Кроликов переглянулся со мной стеснительно и даже несколько виновато: врученная им записная книжка в чехле из натуральной кожи не шла с механическим чудом ни в какое сравнение. Впрочем, и мой набор разнообразных книжек, большинство которых было связано с кинематографией, был подношением явно сиротским.
Спасли нас от неминуемого позора женщины и дети, ввалившиеся гурьбой в гостиную и защебетавшие немедленно на несколько голосов. Им было весело от солнечного света, щедро и вольготно льющегося через расшторенное окно, от предвкушения обильного пиршества, просто от полноты жизни.
Натан задумчиво почесал правой пятерней иссиня-черную ассирийскую бороду (он в отличие от нас, оплешивевших, был давно и полностью лыс) и пригласил к столу.

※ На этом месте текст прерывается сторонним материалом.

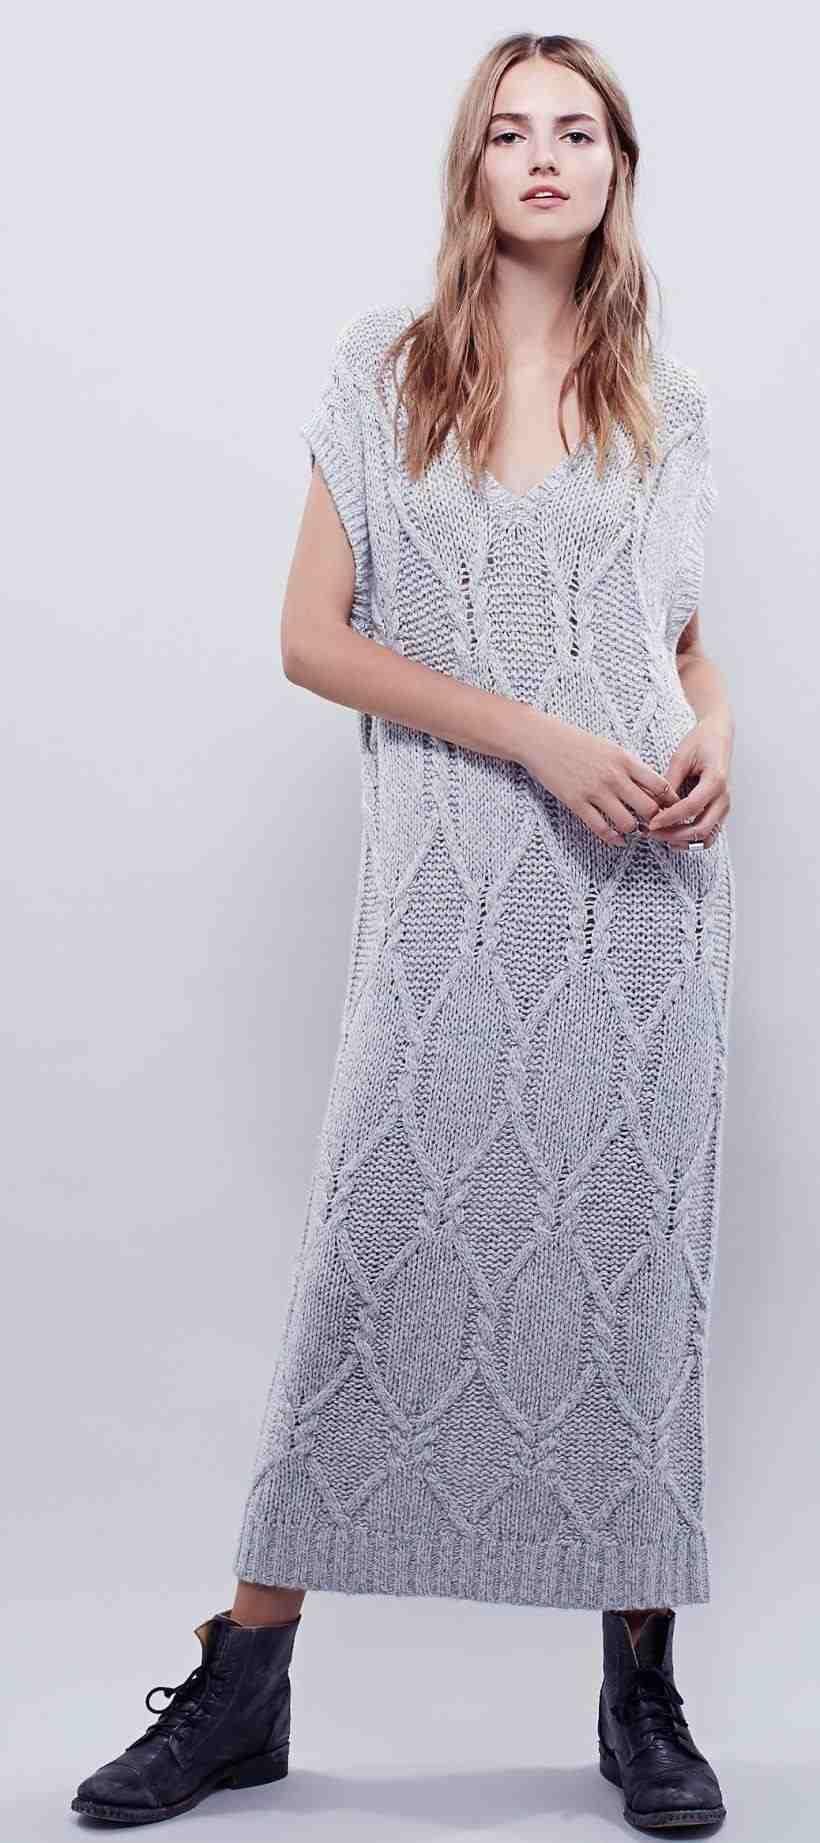 1aa9ba2820e732 Crochet Maxi Dress Pattern Free - 1970s crochet maxi dress w diamond  patterned bodice. view in gallery boho maxi dress. 10+ free crochet and  fabric dress ...

Войдя в кухню, я быстро пролез на край, прилегающий к окну, сев спиной к газовой плите (не люблю оставлять за спиной открытое пространство), рядом со мной устроился настороженный Калькевич, беспричинно полагавший, что уж я-то умею устраиваться наиболее удобно и удачно; затем села его жена-арфистка; в торец стола уткнул немалый живот оживленный юбиляр, затем визави выстроились последовательно сынок Калькевича, жена юбиляра Деянира (этакое редкостное имя отличало подругу кинодеятеля) и также впритык к окну жался подобравшийся Кроликов.

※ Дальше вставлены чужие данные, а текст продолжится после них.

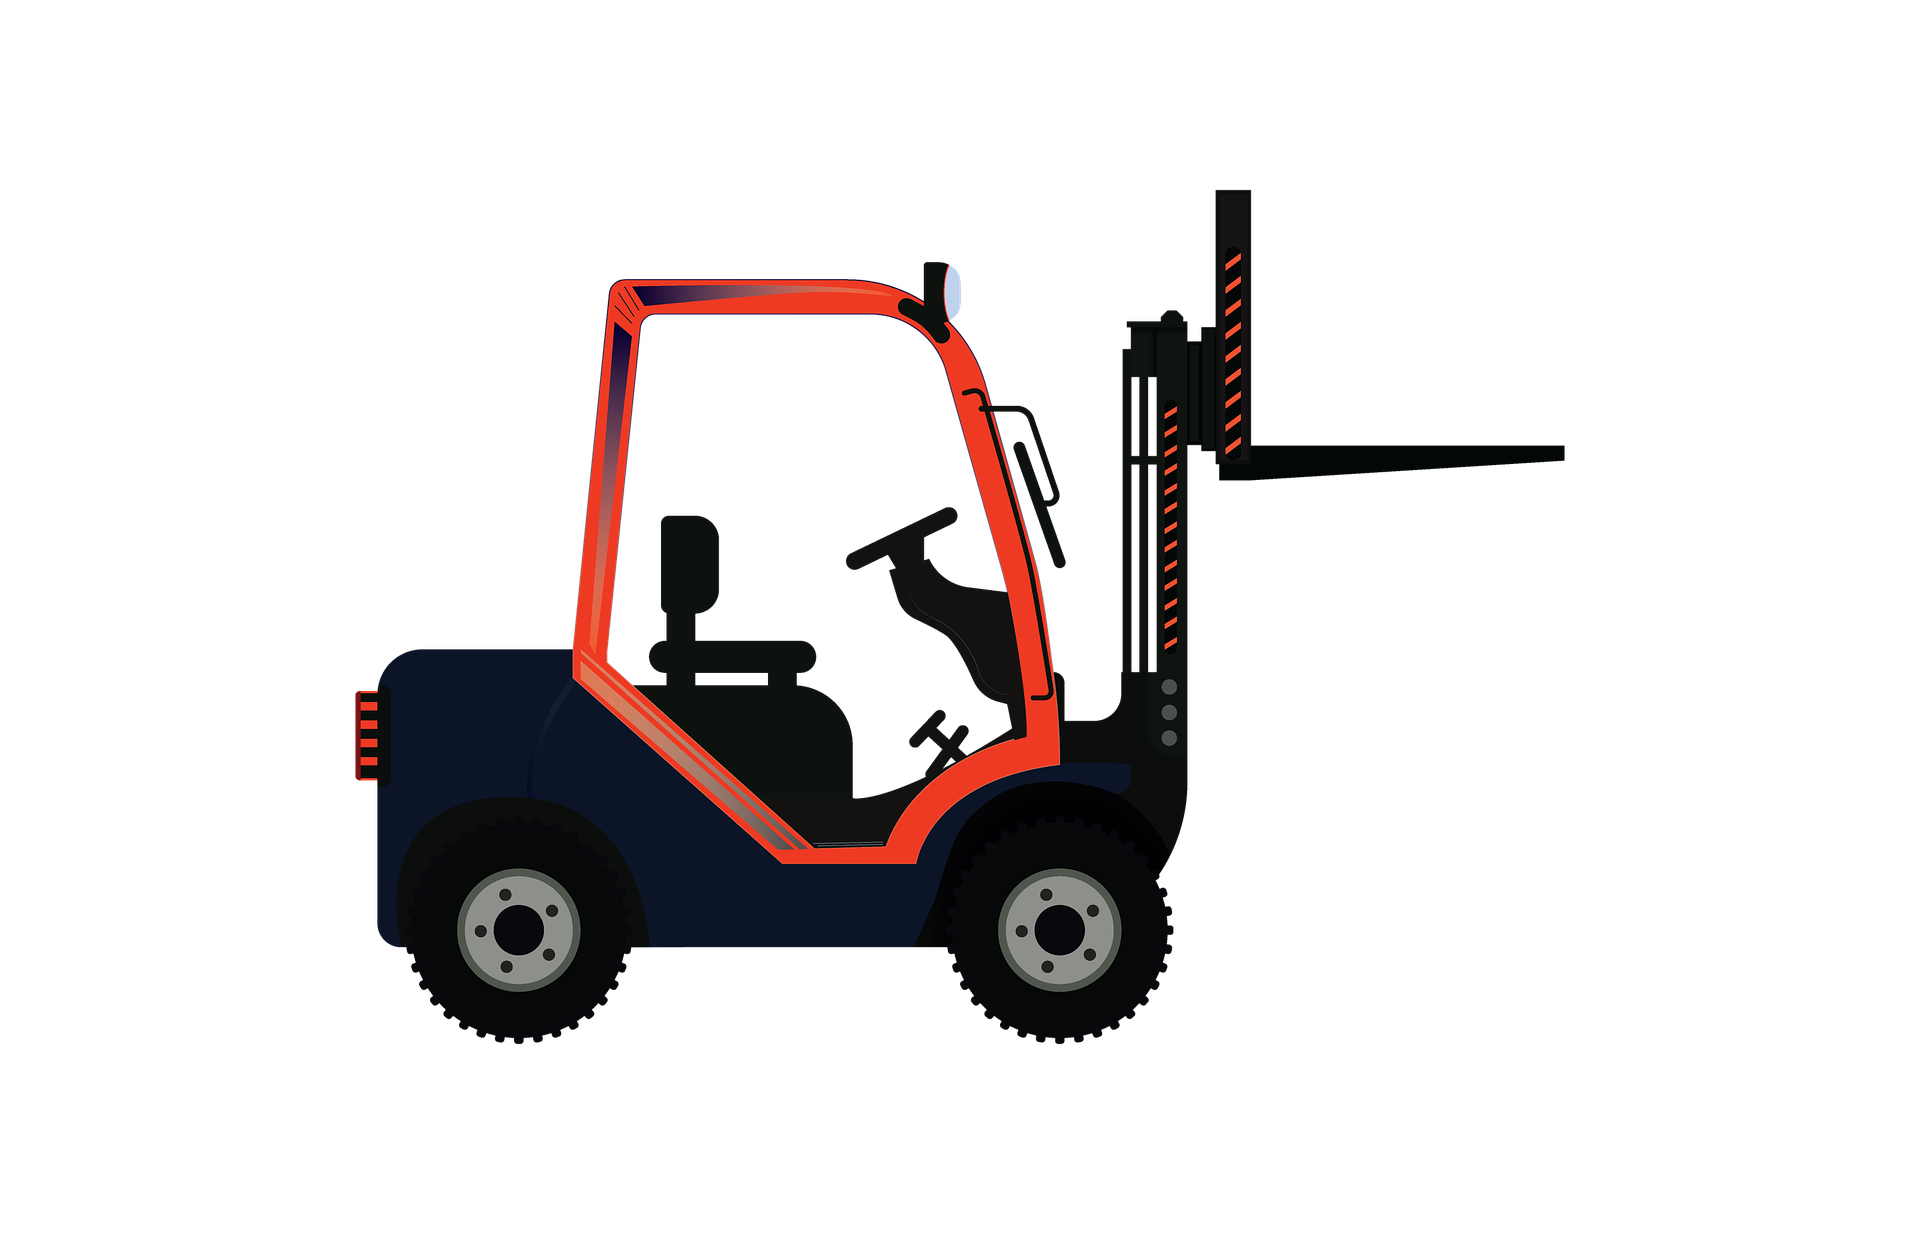 vehicle-2834812_1920

Натан поначалу хотел не допускать подростков за "взрослый" стол, но капризный сынуля Калькевича противно закапризничал, загундосил и пришлось хозяину великодушно уступить, сдаться, уплотниться и подсадить заодно и своего отпрыска.

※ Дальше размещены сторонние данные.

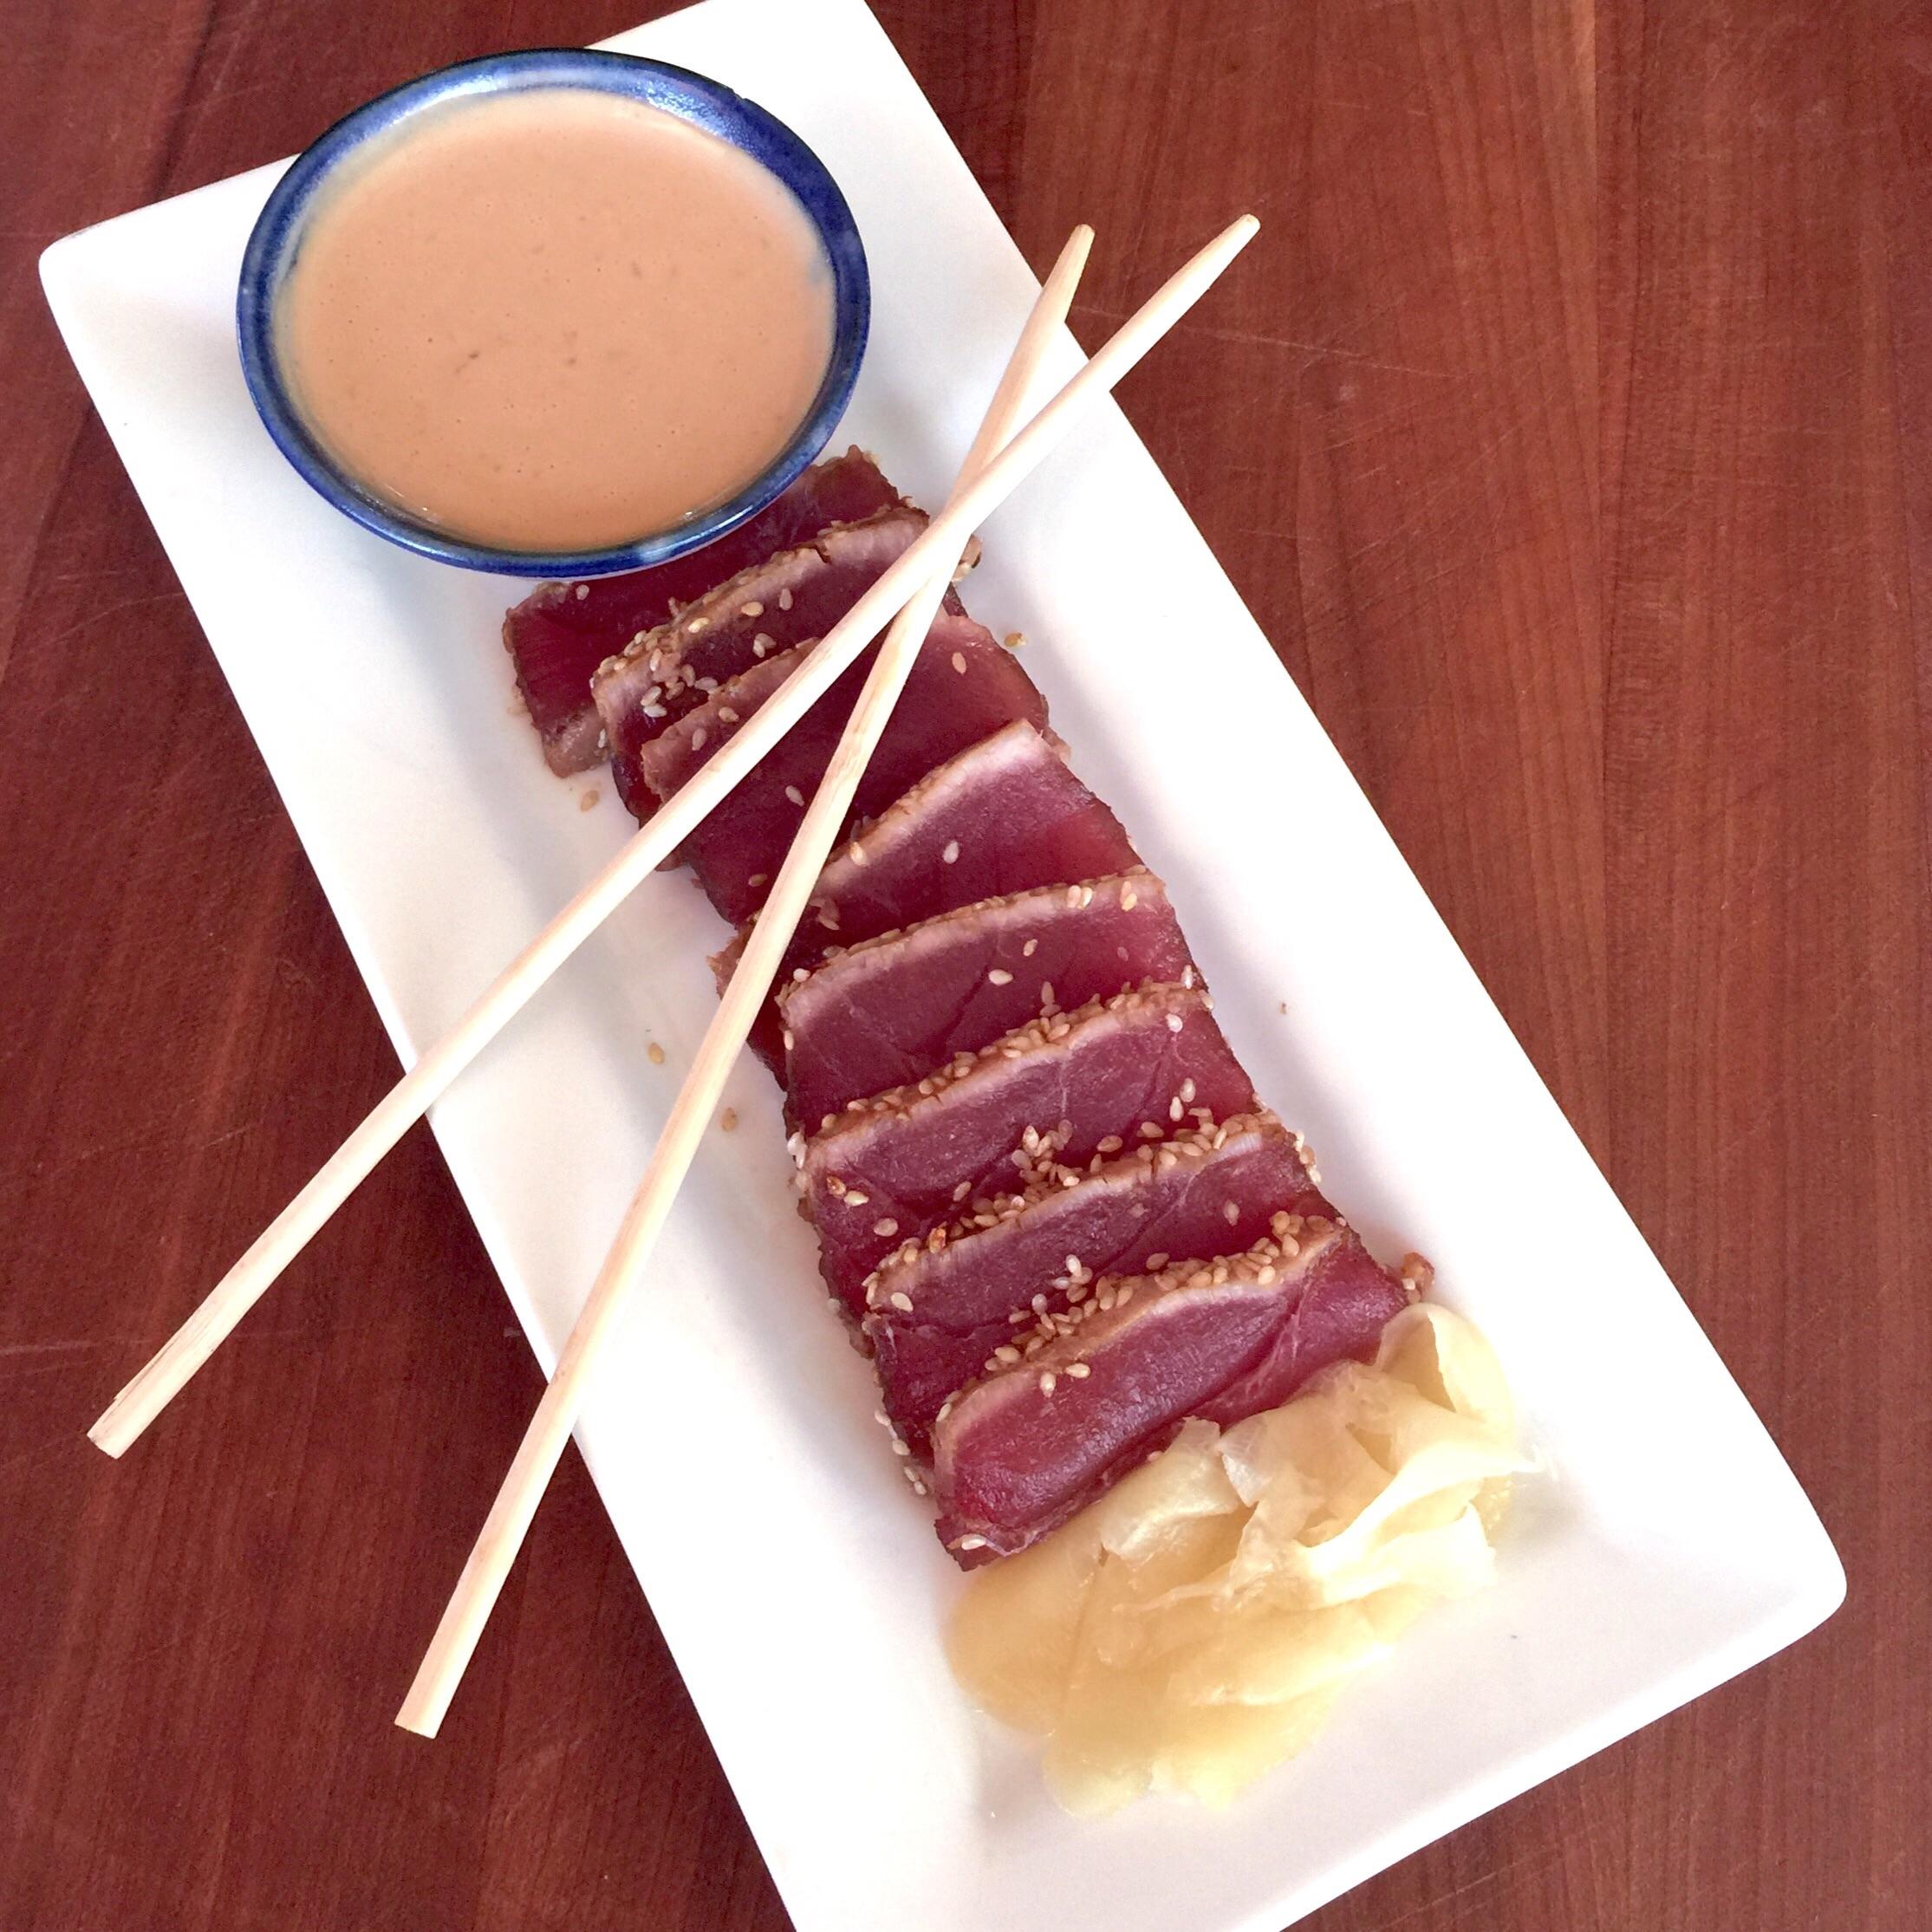 seared ahi tuna with chili garlic ginger dipping sauce

Закусок было невпроворот, Деянира была отменной хозяйкой и мастерицей по части солений, маринадов, разносолов. К тому же времена острого дефицита продуктов давно прошли, купить в магазинах и на рынке можно было, как говаривал отчим, черта с рогами, всё, что пожелает душа, только вот "бабки-бабули-пенендзы" были сегодня далеко не у каждого. У счастливчика-Натана бесперебойно водились и "деревянные", и "баксы", и даже голландские гульдены и дойче-марки, хотя он любил придуриваться, прибедняться и, расплачиваясь обычно только самыми крупными купюрами, приговаривать, мол, не знаю, хватит ли на завтрашний день. Но приходило утро и всё повторялось к всеобщему удовольствию.
Когда мы окончательно расселись, каждый положил себе в тарелку различных яств, первый тост произнес как и ожидалось, Калькевич, он никогда не уступал пальму этого первенства. Он встал, сутуловато-высокий, все ещё красивый восточной красотой изнеженного самца и обвел маслянистыми глазами собравшихся:
- Замечательная традиция образовалась, ребята. Вот относительно недавно мы славно посидели у Миши; простите великодушно, что сам вас не собрал, приболел некстати; жаль, что Колюня наш никак с юбилеем не определится; но зато Натан - настоящий орел, не подвел друзей, собрал всех безропотно. Так выпьем за настоящих мужчин, проживших пока к счастью только половину, если не треть всей отпущенной создателем жизни.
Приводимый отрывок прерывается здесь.